# User:Visionwiki/ASIFT (Affine-SIFT)

Affine-SIFT (ASIFT)

Affine-SIFT (ASIFT) is a computer vision algorithm that aims at establishing correspondences between objects in images taken potentially from different viewpoints and at different distances. The algorithm was published by Morel and Yu[1] in 2009. Typical applications include image recognition, 3D reconstruction, object tracking, robot localization and image registration.

ASIFT is an extension of the scale-nvariant feature transform (SIFT) of Lowe[2], a popular image matching algorithm that is invariant to rotation, translation, zoom, and partially invariant to illumination change. In addition to these invariances, ASIFT is invariant to camera angle change.

## How does ASIFT work?

File:ASIFT overview.png
ASIFT algorithm overview.

In short, ASIFT achieves fully affine invariance by first simulating two camera angle parameters and then applying SIFT between the simulated images.

### Camera model

To understand how ASIFT works, let us first look at a camera model that describes the procedure of image acquisition. Digital image acquisition of a flat object can be described as

${\displaystyle \mathbf {u} =\mathbf {S} _{1}G_{1}A{\mathcal {T}}u_{0}}$

where ${\displaystyle {\textbf {u}}}$ is a digital image and ${\displaystyle u_{0}}$ is an infinite resolution frontal view of the flat object. ${\displaystyle {\mathcal {T}}}$ and ${\displaystyle A}$ are respectively a plane translation and a planar projective map due to the camera motion. ${\displaystyle G_{1}}$ is a Gaussian convolution modeling the optical blur, and ${\displaystyle \mathbf {S} _{1}}$ is the standard sampling operator on a regular grid with mesh 1. The sampling operator ${\displaystyle \mathbf {S} _{1}}$ will be neglected in the following as the Shannon condition is assumed to hold, which allows to invert the sampling operator by a Shannon-Whittaker interpolation.

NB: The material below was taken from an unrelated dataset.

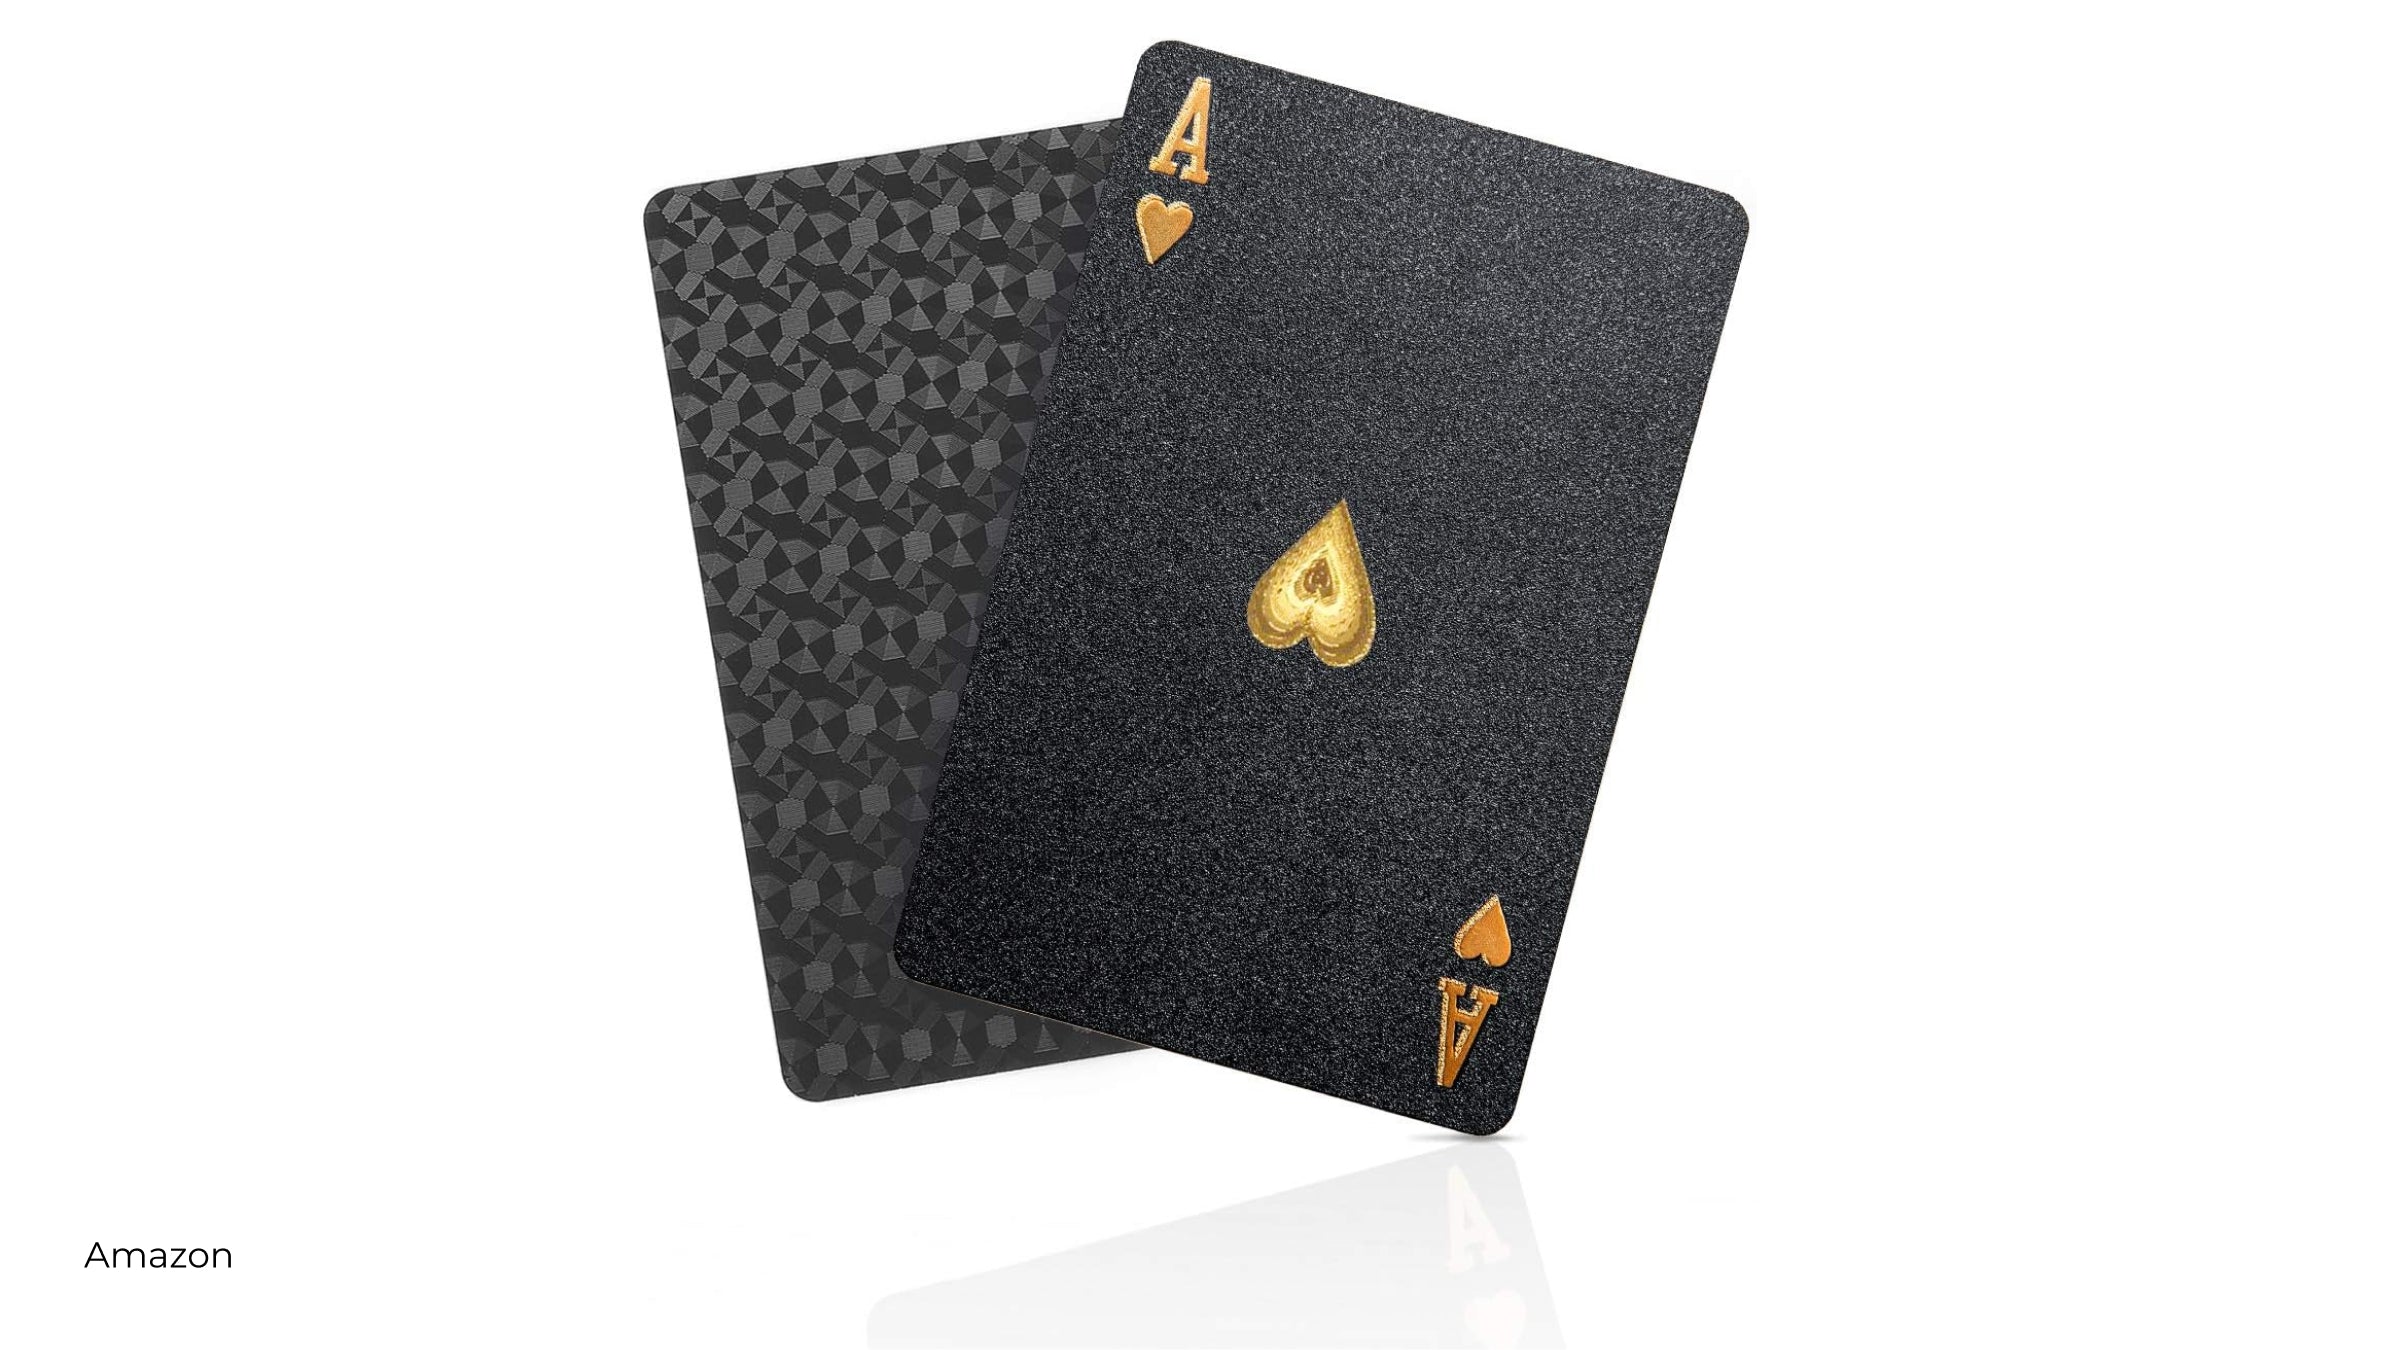 Black waterproof cards with gold lettering on Amazon

### From viewpoint invariance to affine invariance

In the camera model, the projective transforms ${\displaystyle A}$ can be locally approximated by affine transforms. Indeed, by the first order Taylor formula, any planar smooth deformation can be approximated around each point by an affine map. The apparent deformation of a plane object induced by a camera motion is a planar homographic transform, which is smooth, and therefore locally tangent to affine transforms.

As most other image matching algorithms that attempt to be viewpoint invariant[3], ASIFT seeks affine invariance as an approximation of viewpoint invariance.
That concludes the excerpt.